*What is needed*
The listing below contains a span that opens with the line containing "coiling Spiral supportive" and closes with the line containing "The Leviathan Remnant". Return that span exactly.

*Records shown*
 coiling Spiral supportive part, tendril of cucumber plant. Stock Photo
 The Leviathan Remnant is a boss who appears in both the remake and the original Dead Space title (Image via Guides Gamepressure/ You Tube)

* * *

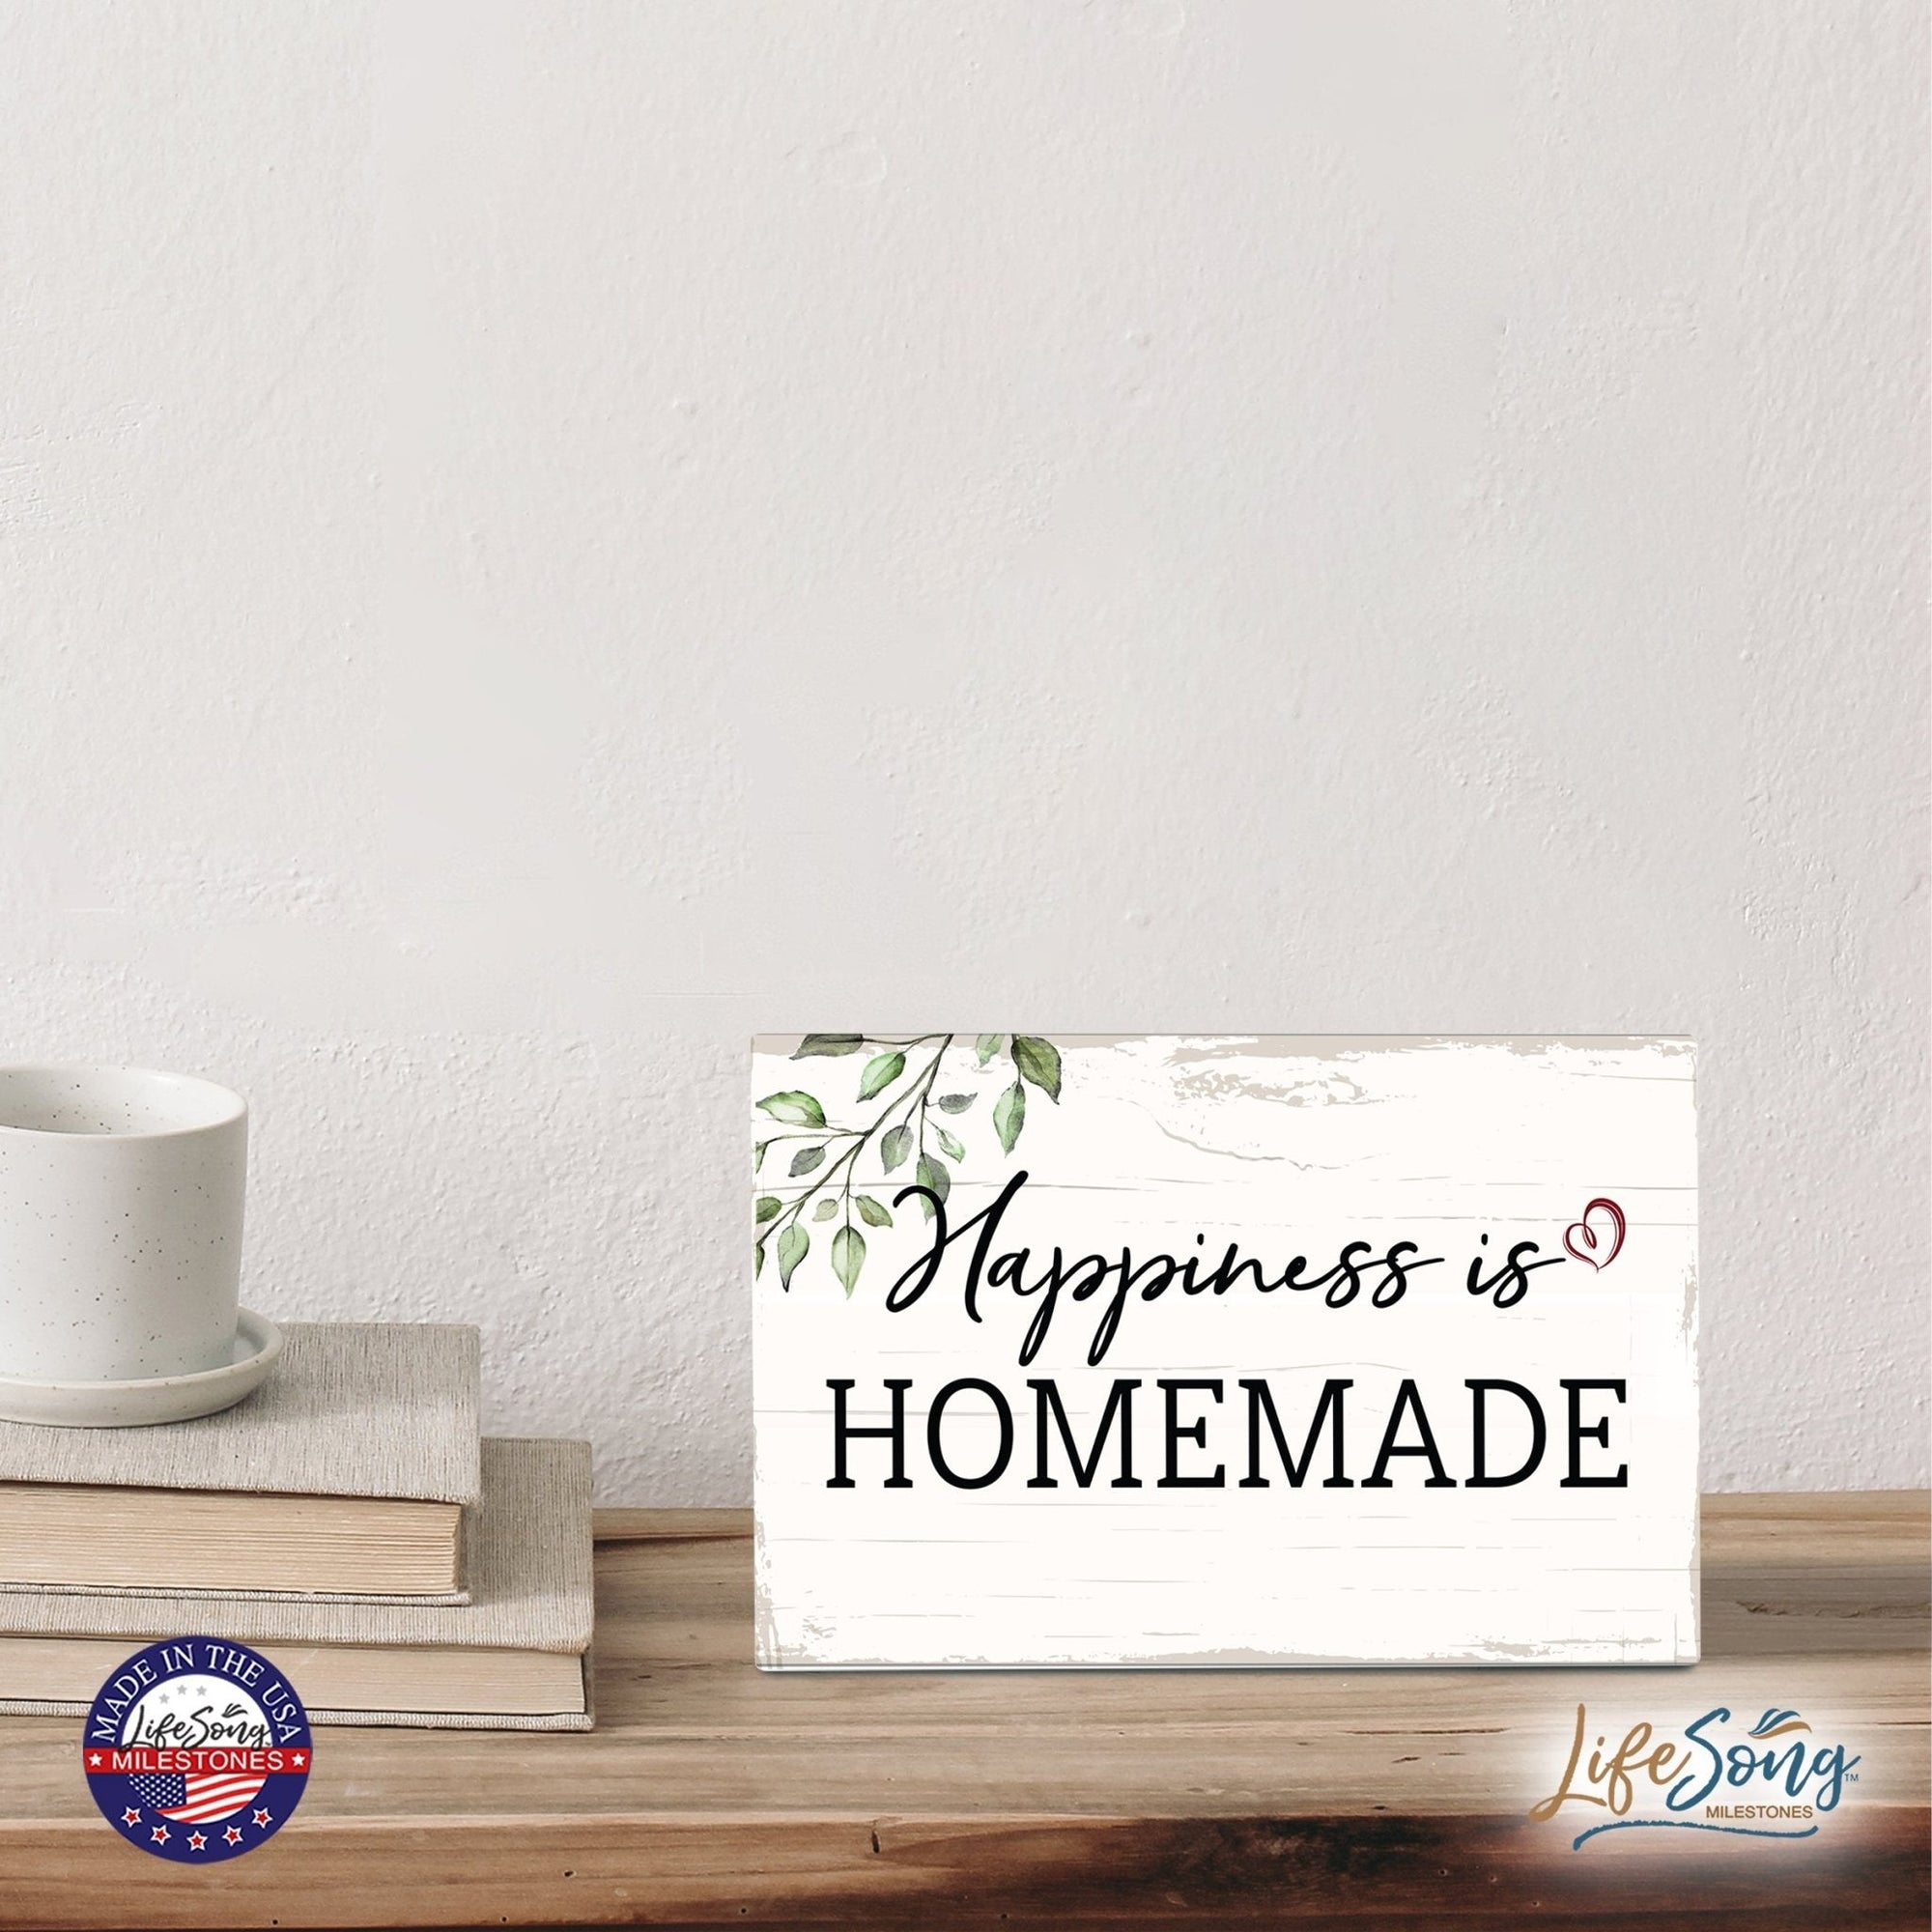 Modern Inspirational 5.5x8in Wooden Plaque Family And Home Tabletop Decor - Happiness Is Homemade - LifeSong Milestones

*Result below*
 coiling Spiral supportive part, tendril of cucumber plant. Stock Photo
 The Leviathan Remnant is a boss who appears in both the remake and the original Dead Space title (Image via Guides Gamepressure/ You Tube)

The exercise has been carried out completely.